First, a Regional Finance Observatory. This would be a kind of dashboard — tracking where climate finance is going, where the gaps are, and how public and private actors are aligning. It gives governments and donors real-time data to act more strategically.

Second, a Blended Finance Toolkit. This would help ministries design the kinds of financial instruments they need — things like concessional loans, seed capital, guarantees — adapted to their own capacities. The idea is to reduce risk for private investors and unlock financing for things like regenerative ag, agroforestry, or digital solutions.

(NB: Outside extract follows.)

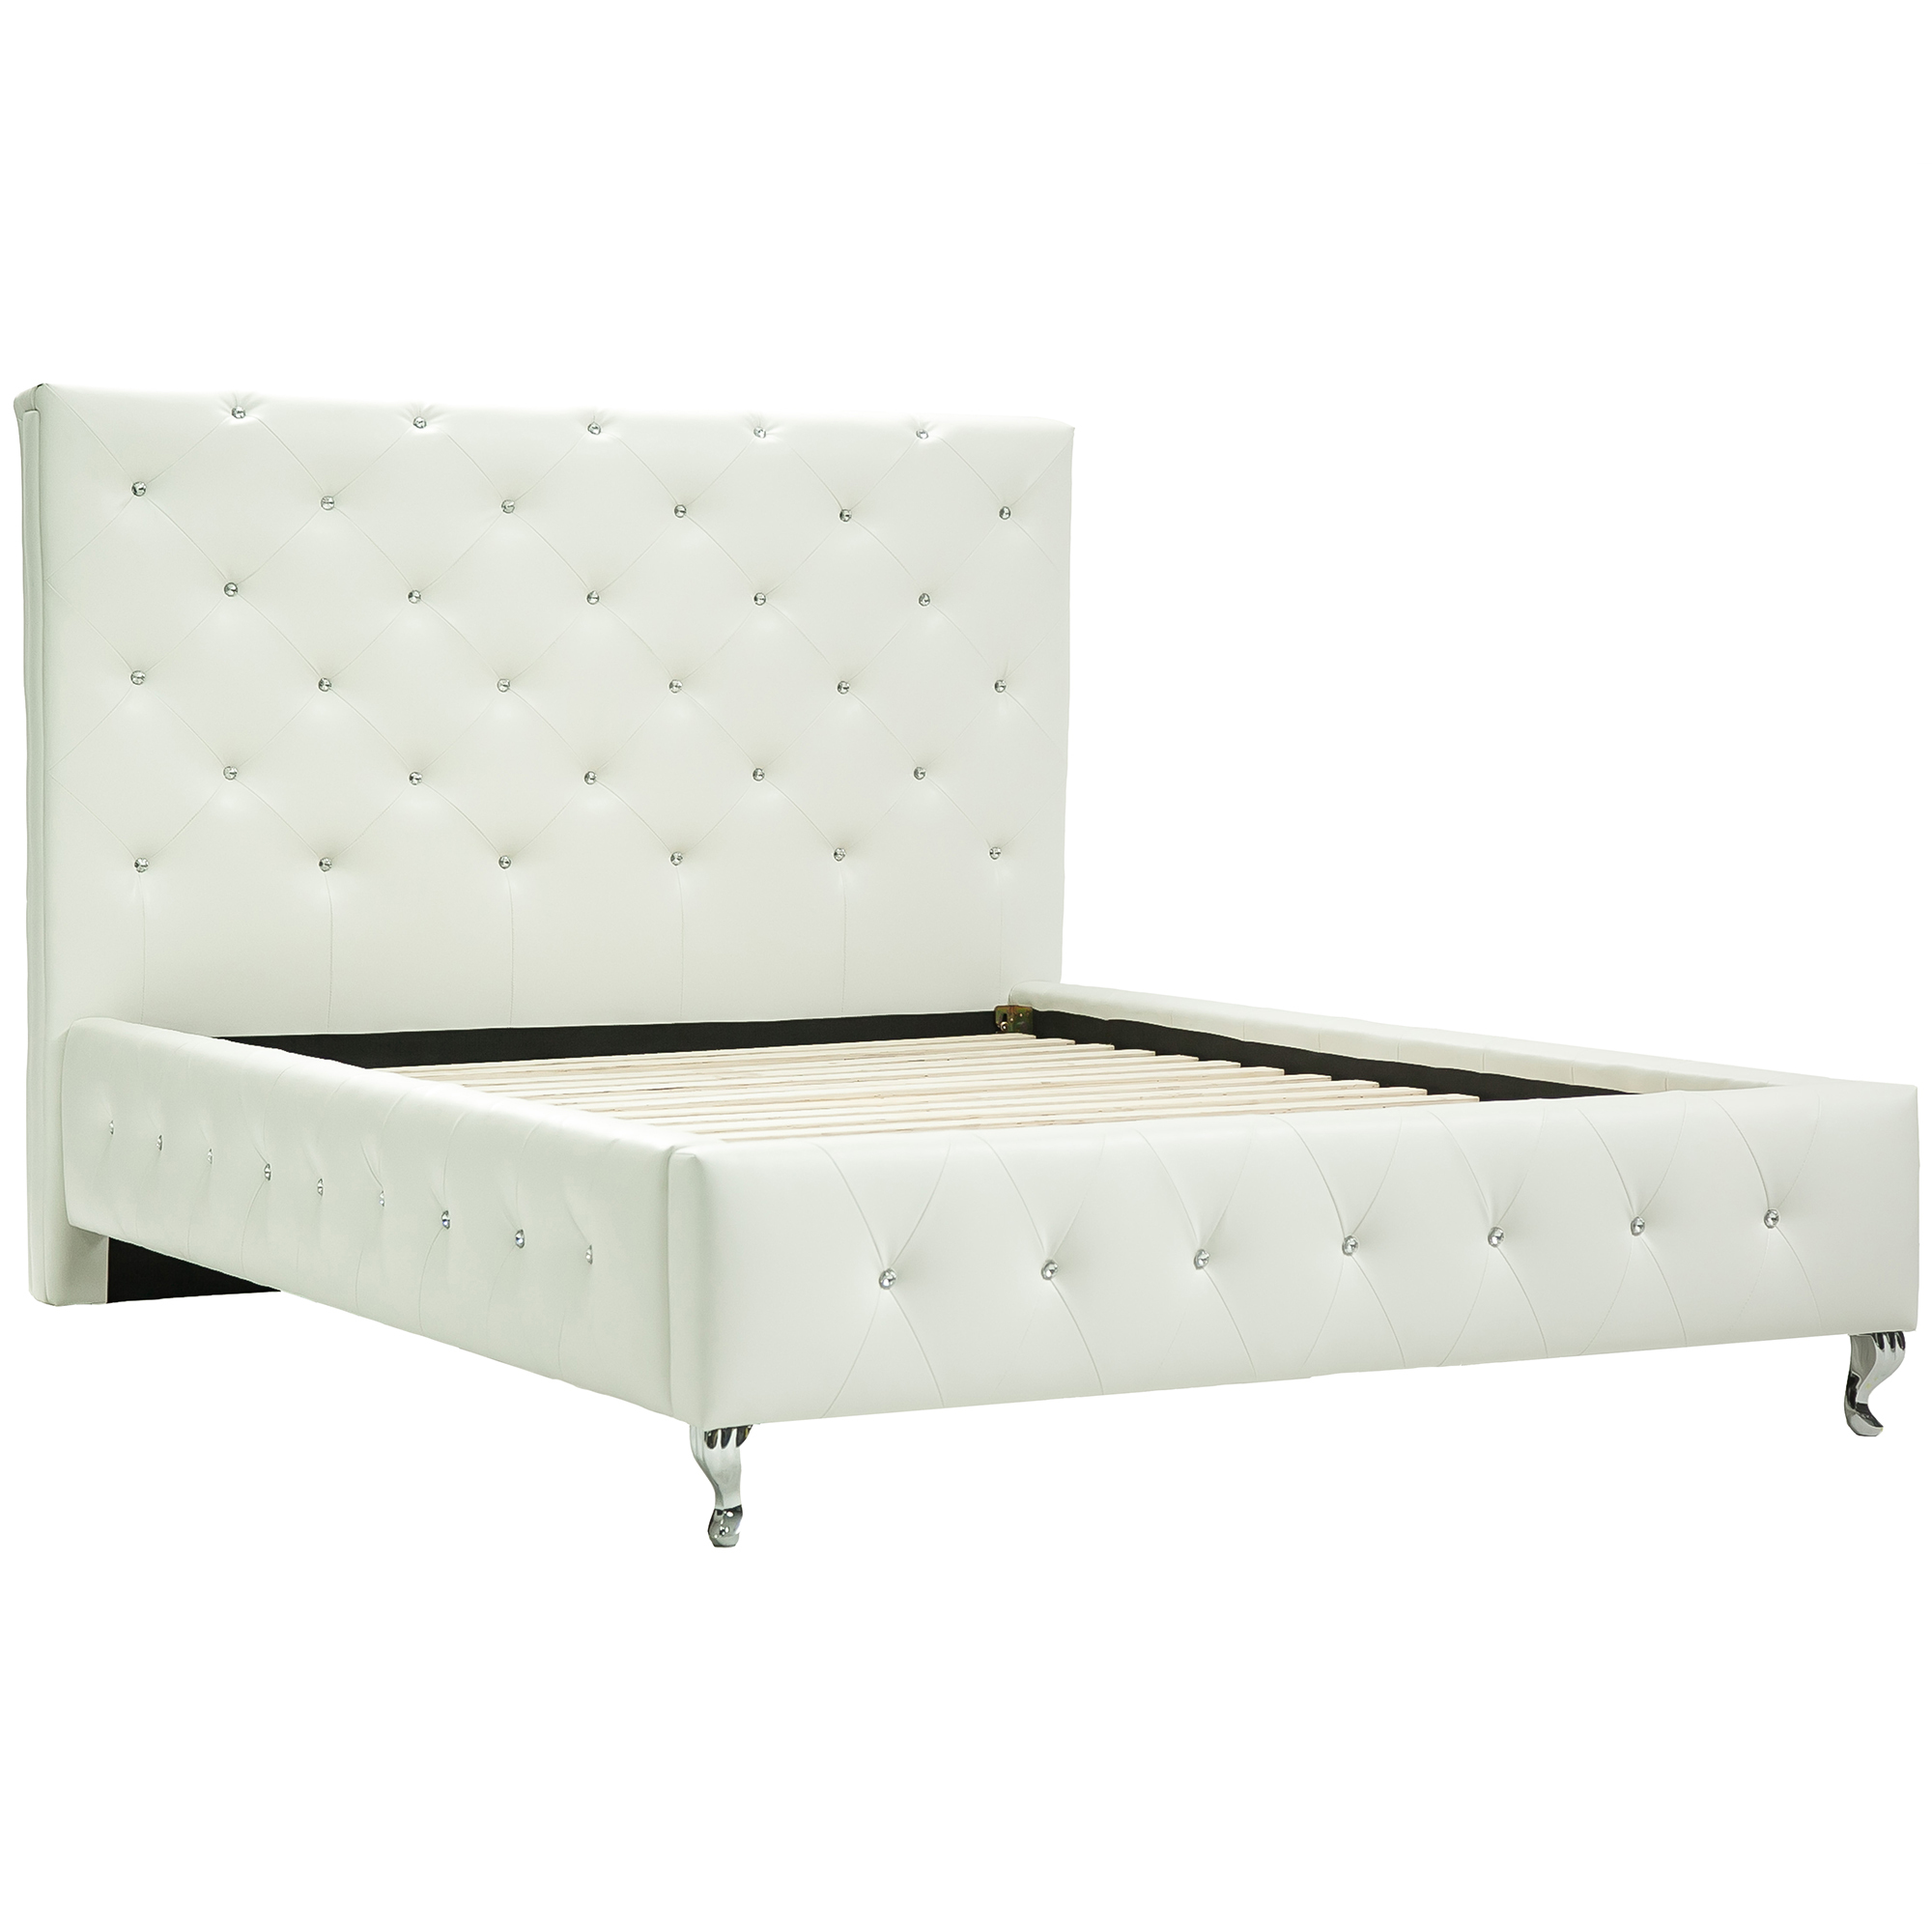 White New York King Single Bed Frame, White Faux Leather Single Bed Frame

Third, we propose Cross-Regional Policy Labs. These would bring together peers — say, from Bolivia, Peru, and India — to co-create climate-smart policies. We’re talking about soil health incentives, subsidy reforms, tax instruments — with rapid prototyping and real-world testing.

Fourth is a Seed Insurance Facility — one that works across borders and supports the creation of affordable, index-based products for smallholders. Think of it like a regional risk pool that makes insurance both scalable and viable.

Then we have an Agri-Tech Investment Platform. This would connect impact investors with agrifood startups and cooperatives, using KPIs — like carbon sequestration or yield improvement — to measure results. Models like ACORN or Kilimo show us this can work at scale.

And finally, a Monitoring and Evaluation System. It would track not just how much is spent, but what’s actually working. It uses both tech — like satellite imagery — and local data to feed back into decision-making.

Why does this framework matter? Because it’s regional, it’s practical, and it avoids top-down, one-size-fits-all approaches. It builds capacity from within the South, and it brings in the kind of capital and policy alignment we need to make real change happen — especially for the smallholder farmers who are most exposed to climate risk.